I guess this theory wouldn't work if you plan on doing a residency at your institution, since you would be competing with these same classmates.
 
rahulazcom said:
I'm of the school of thought that considers primary care fields being general internal medicine, family practice, pediatrics and psychiatry.

Psych? Really?

😕
 
What do you guys/gals know about DOs getting into urology programs? Thats my biggest interest.

Which schools have the best speciality matching success?
 
letsrun4it said:
I once read that 80%+ of all DOs were family practice doctors / rural medicine. Since that was really low on my list I thought MD would be better but after looking at match lists, it looks very much like MD match lists. Lots of family practice and internal medicine but it sure seems like there are tons of options if a student wants to have some sort of speciality.

So is the DO field changing? Was it always this way? Or are the vast majority still doing family practice?

Since America is in desperate need of primary care physicians we are lucky that many do go into primary care.
 
Goose-d said:
Psych? Really?

😕

I'm not really sure about it either. I have just heard people lumping psych into the primary care category. Again, as we can see the definition as to what is and isn't primary care is pretty vague. Like I said, a lot of people argue about whether OB/GYN is a primary care field?

I think the best thing is to remember the context of the question. The OP asked: "Or are the vast majority still doing family practice?" So I'm assuming the author was asking whether most DO's mostly enter FP, IM and Peds or fields that are traditionally and safely regarded as primary care. Hey, we can all agree Fam, IM and Peds are primary care right? :laugh:
 
letsrun4it said:
What do you guys/gals know about DOs getting into urology programs? Thats my biggest interest.

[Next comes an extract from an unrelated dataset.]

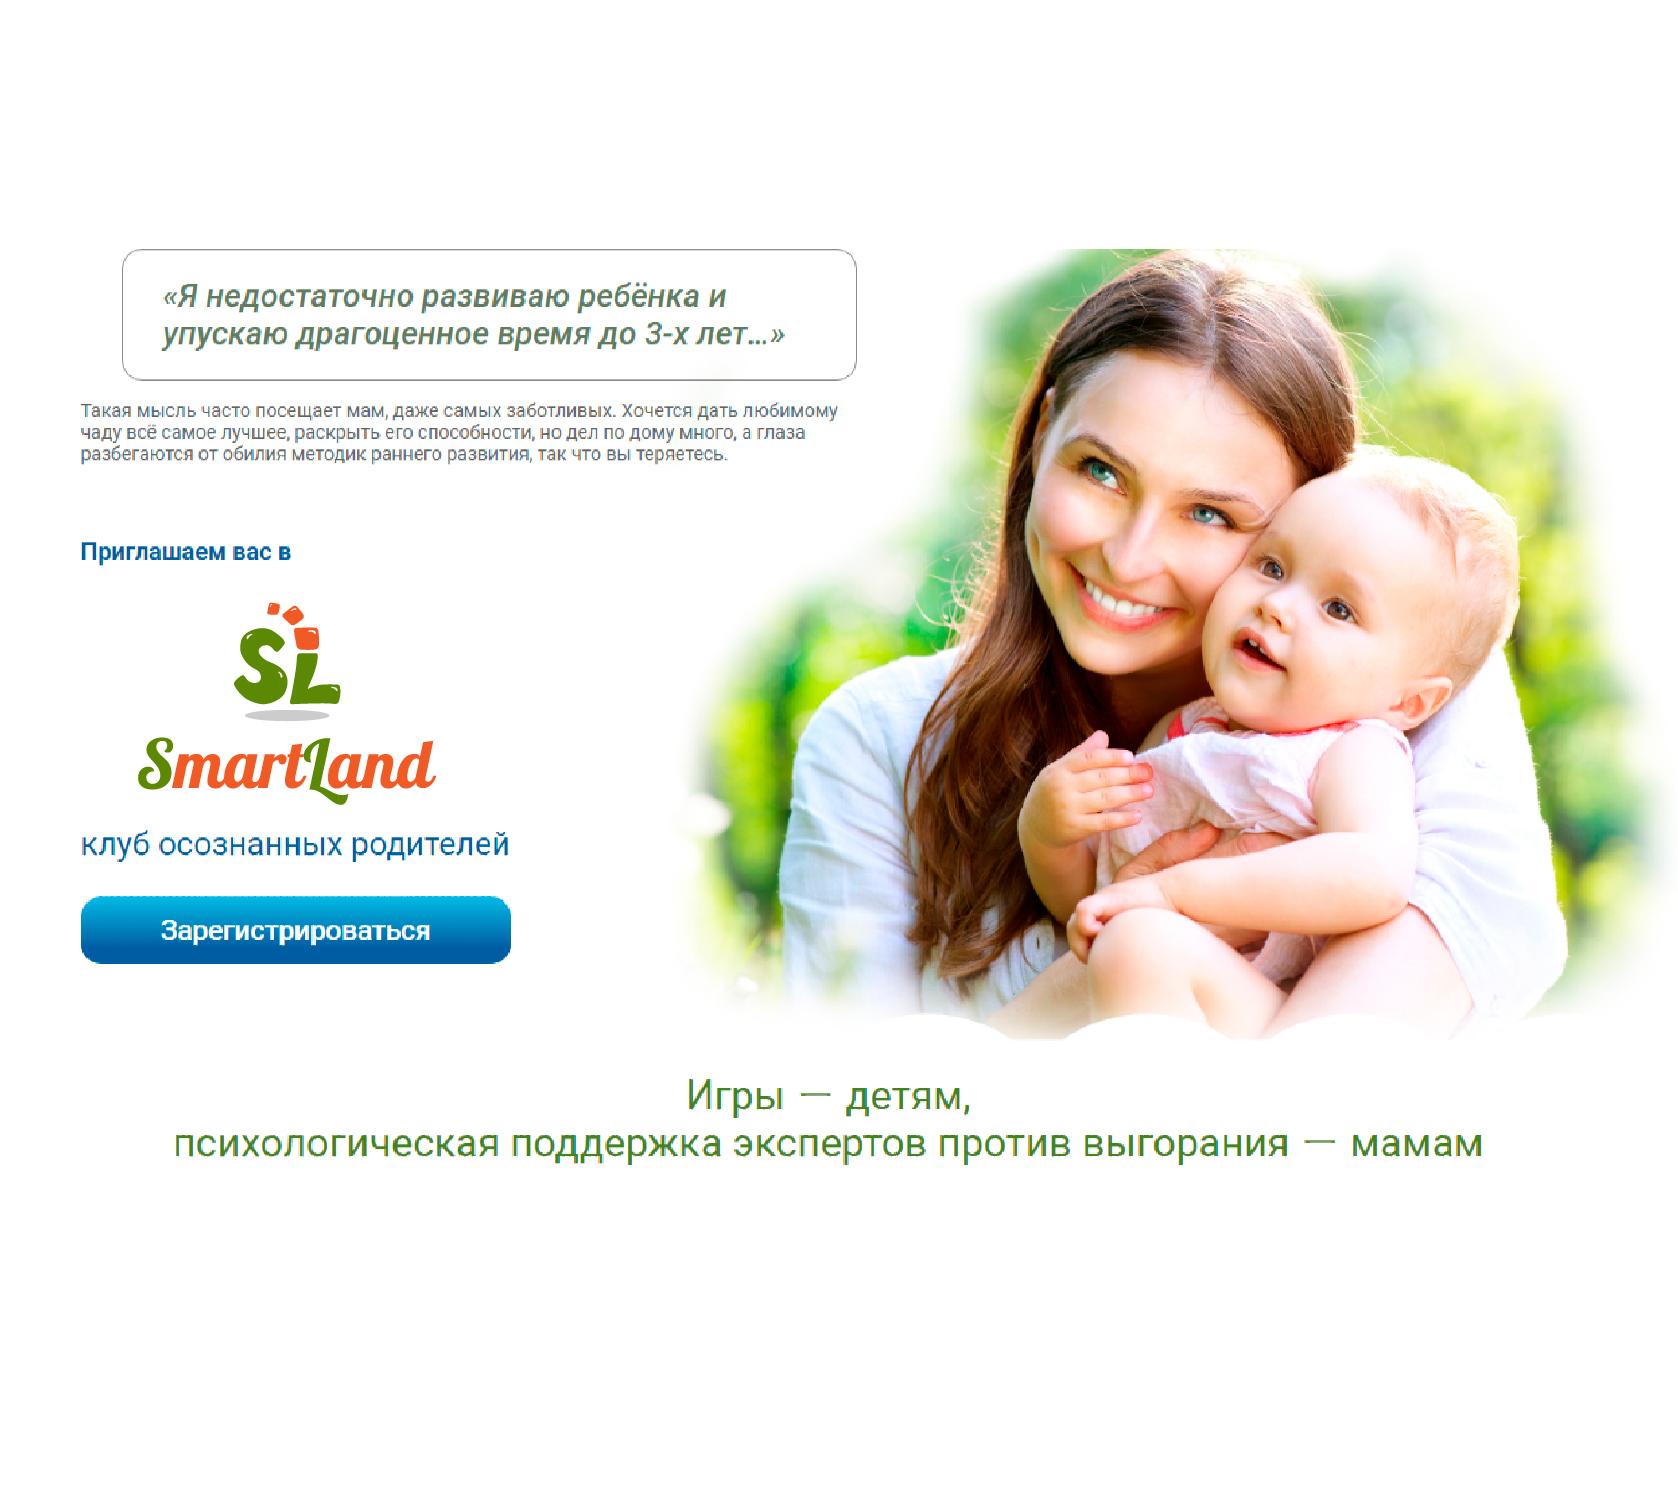 Разработать логотип для детской образовательной платформы фото f_921607c83d4815ba.jpg

Which schools have the best speciality matching success?

I don't know if any school will give you a definitive advantage over another school on a national scale. Sure, I think there are more established DO schools with better reputations like OSUCOM and MSUCOM but it's not like in the allopathic world where being the last ranked student at Harvard, Mayo or Hopkins can open doors for you. I don't think any of the DO schools will give a student that much more of an edge over another DO student when applied nationally. I do think certain schools can students advantages regionally. If I wanted to settle down in Texas and somehow match in a competitive residency there, I would probably try to attend the Texas DO school or OSUCOM. Likewise, if I wanted to do my residency in Michigan or Illinois, I would probably choose MSUCOM.

There was a student who graduated from AZCOM in 2004 that matched at the University of Minnesota urology program. He was a top student at our school with excellent board scores and research. I really believe that a student at any DO school has the opportunity to match urology if he or she has competitive grades, board scores and research. So in my opinion, you should attend the DO school you would see yourself being the most happiest at as opposed to giving you an edge residency-wise.